I am trying to assemble a bacterial genome using PacBio reads and short illumina reads from a metagenomic pool of both eurkaryotic host and bacterial sequences.
In an ideal world, I would have been able to culture the bacteria and obtain pure DNA to sequence and assemble from, but its cultivation has proved challenging. So, instead we have a ton of metagenomic data sequenced obtained from whole host DNA. We have roughly ~70 million Illumina MiSeq paired end reads (2x150) and ~120,000 PacBio reads (5-20 KB). I suspect that I have roughly 3x coverage of the bacterial genome with the PacBio reads and ~20-30x coverage with the illumina reads (with 80-90% of the reads likely being host). This project is further complicated by the fact that the host genome is not fully sequenced, so I cannot remove known host sequence to simplify analysis and de novo assembly.

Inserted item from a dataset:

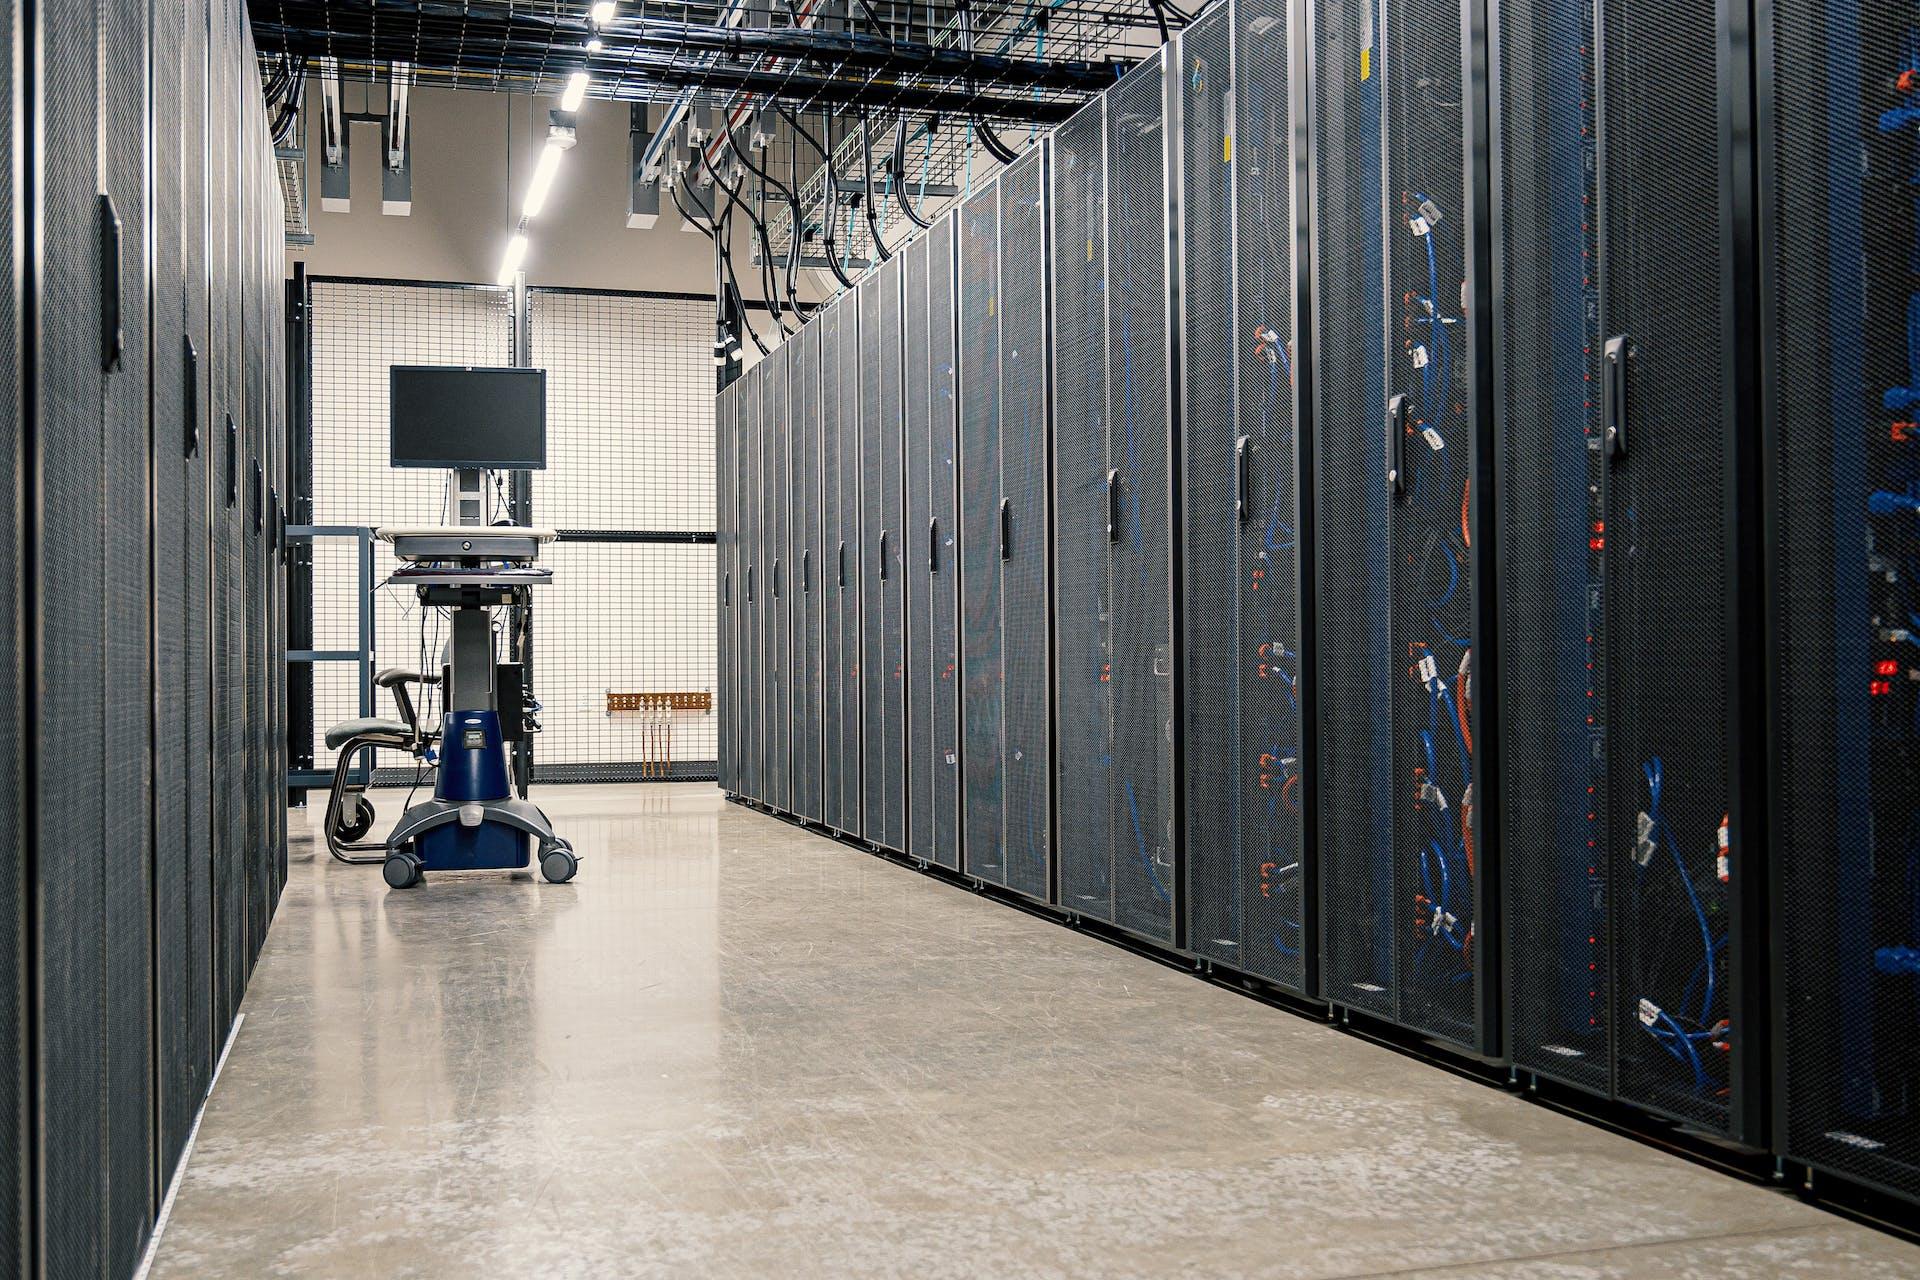 ¿Qué es un data center y para qué sirve?

I have been trying to use Canu 1.4 to correct my PacBio reads using fastq as input and the following code:
./canu -correct -pacbio-raw m170212_104155_42146_c101160022550000001823267305221711_s1_p0.3.subreads.fastq -d subreads3-auto -p subreads3 genomeSize=1.5m gnuplotTested=true corMinCoverage=0 errorRate=0.035 corMaxEvidenceErate=0.15
But I keep getting this error: ERROR: File supplied on command line; use -s, -pacbio-raw, -pacbio-corrected, -nanopore-raw, or -nanopore-corrected.
It appears that Canu is not recognizing my input fastq file "m170212_104155_42146_c101160022550000001823267305221711_s1_p0.3.subreads.fastq". Has anyone else received this error and know what to do about it?
Thanks for any help you can provide!